What to work on —
Copy out all of the data word for word. Omit every picture.

Data provided —
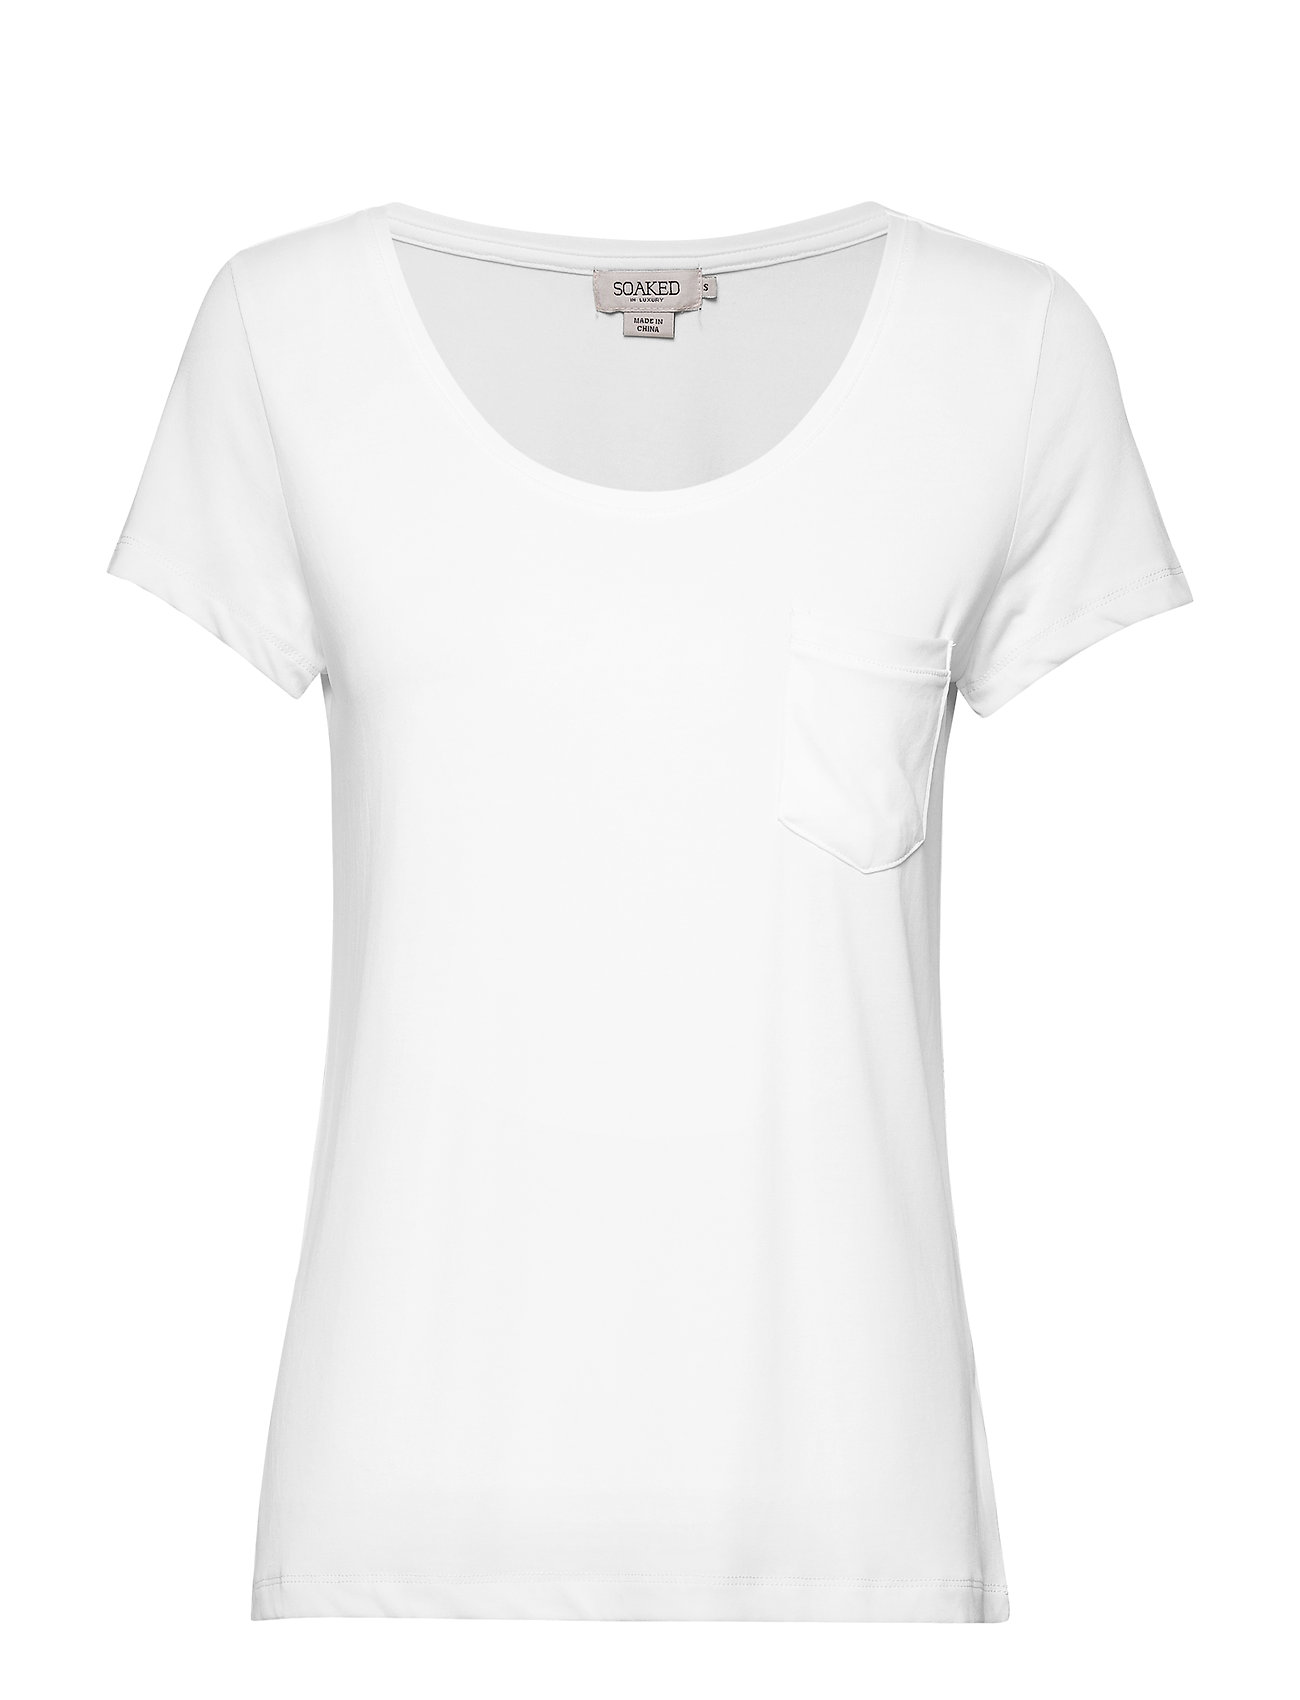 Slcolumbine Tee T-shirts & Tops Short-sleeved Valkoinen Soaked In Luxury, Soaked in Luxury
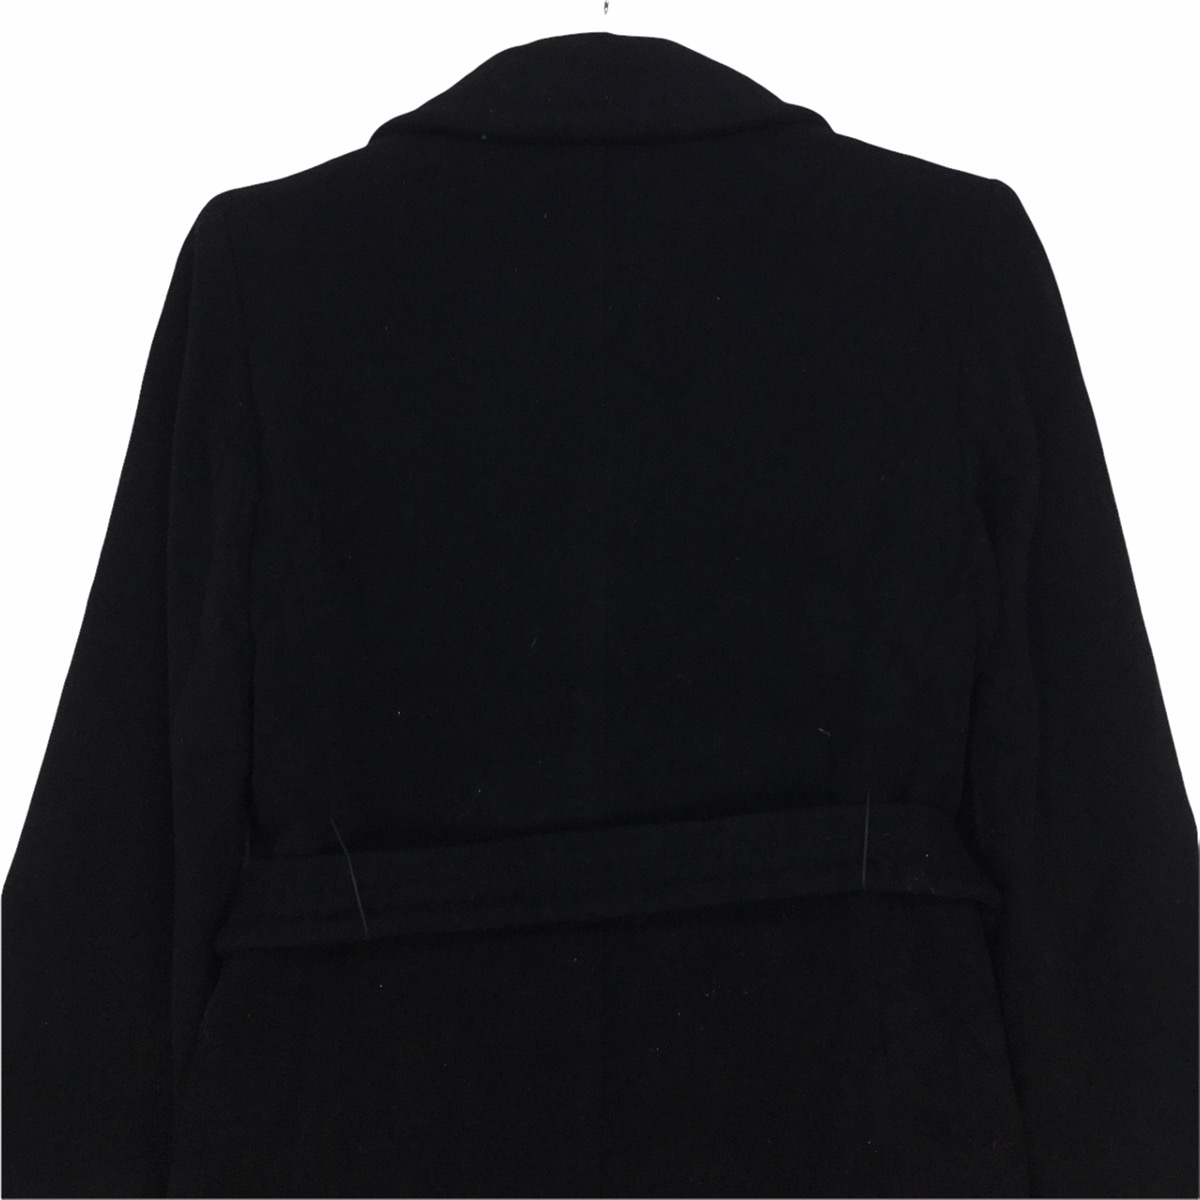 MAX MARA & Co. Double Breasted Parka Long Coat Jacket - 7
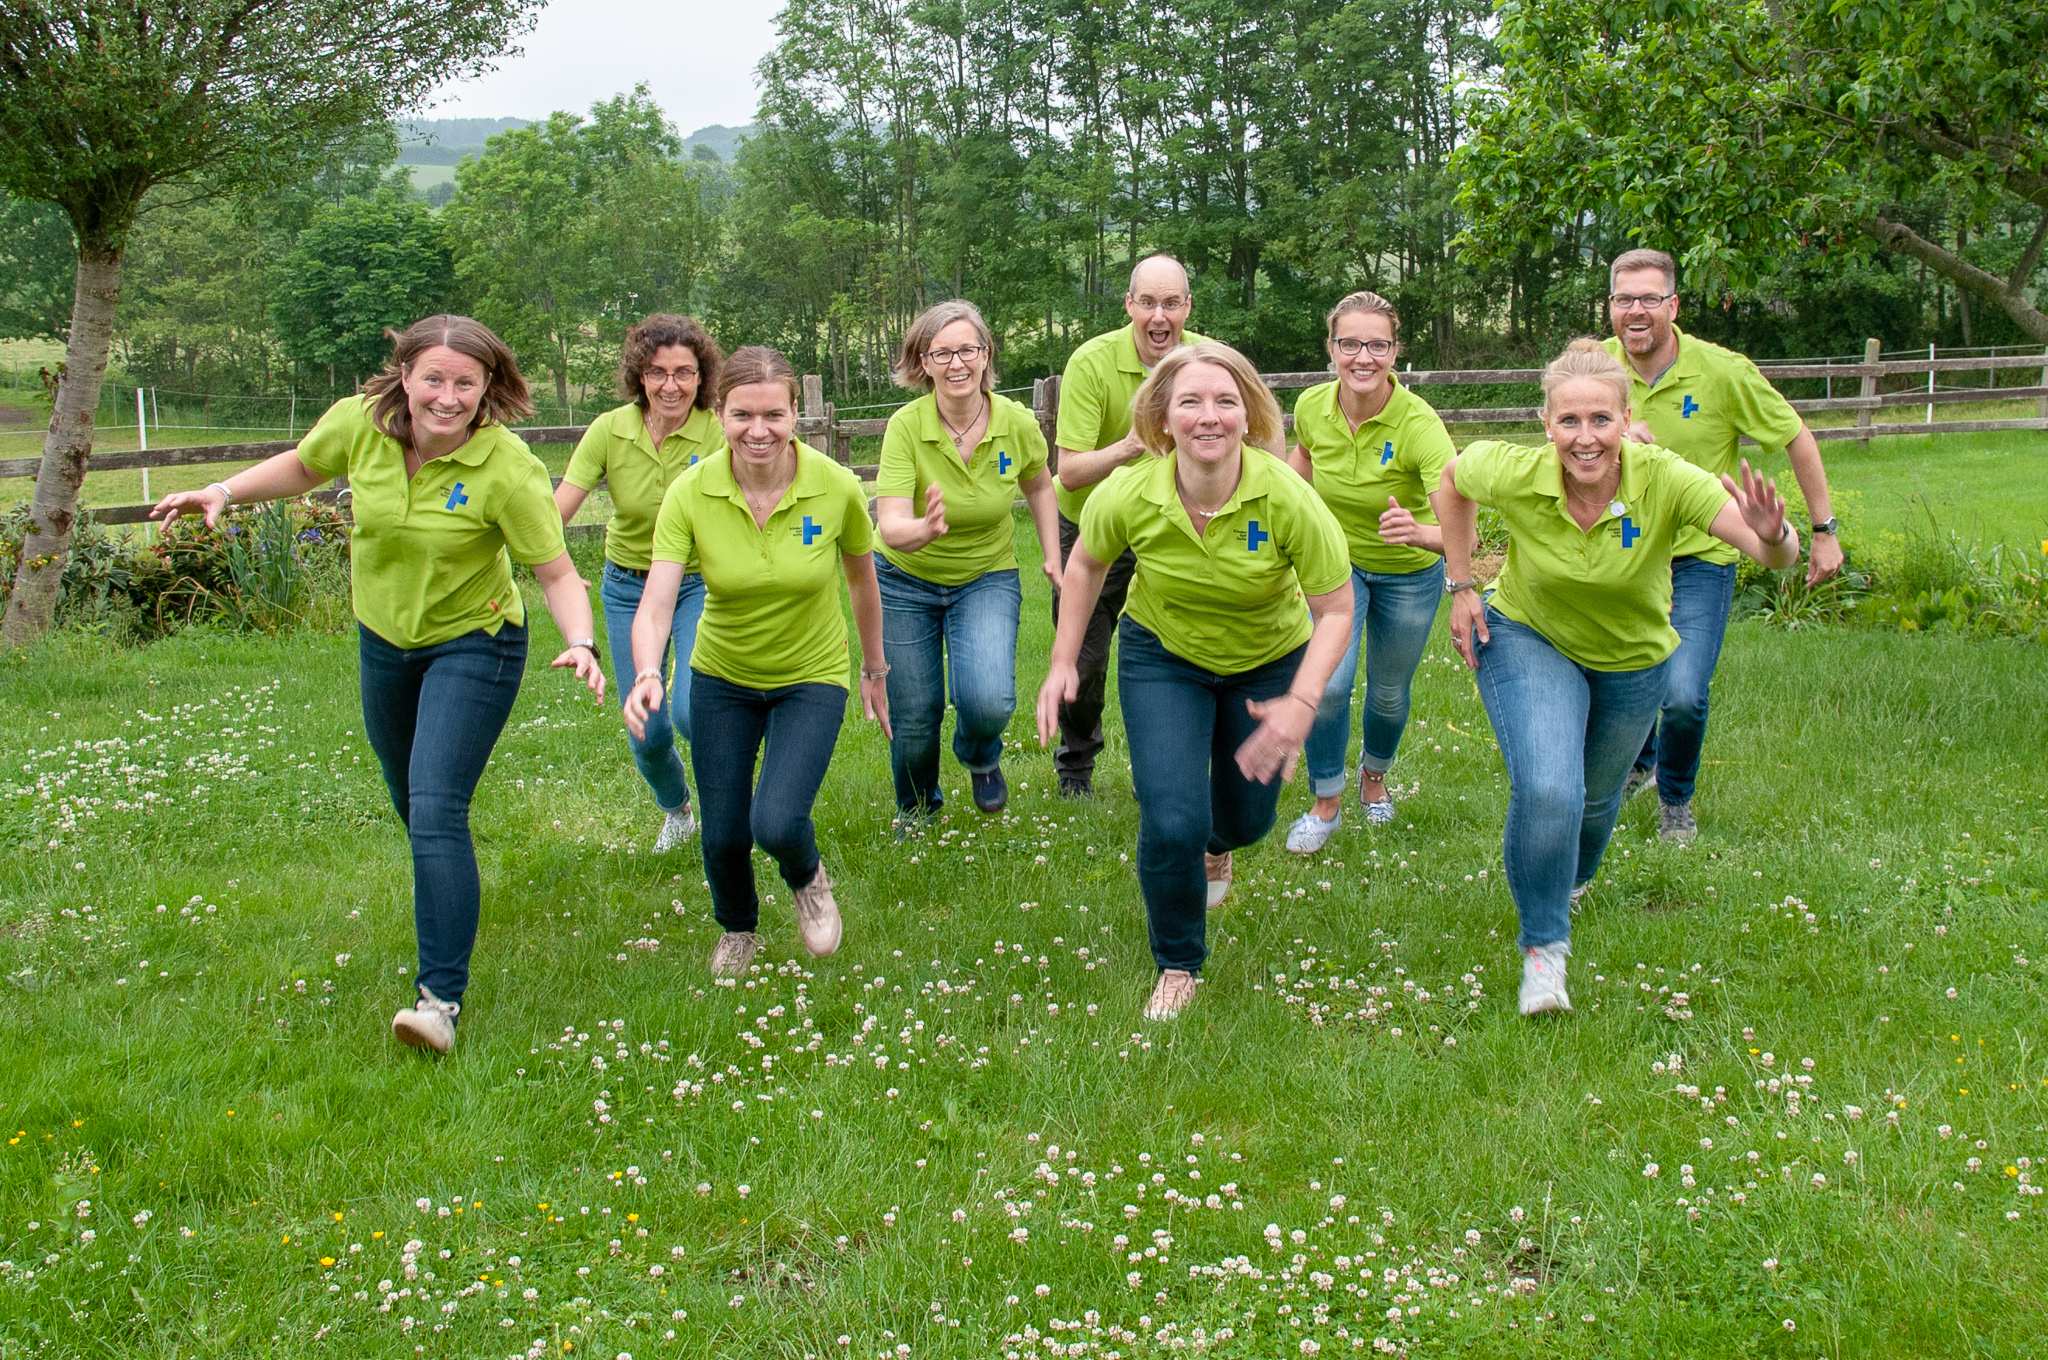 Männer und Frauen in grünen T-Shirts laufen über eine Wiese auf den Fotografen zu (Quelle: privat)

Solution for this problem —
 Slcolumbine Tee T-shirts & Tops Short-sleeved Valkoinen Soaked In Luxury, Soaked in Luxury
 MAX MARA & Co. Double Breasted Parka Long Coat Jacket - 7
 Männer und Frauen in grünen T-Shirts laufen über eine Wiese auf den Fotografen zu (Quelle: privat)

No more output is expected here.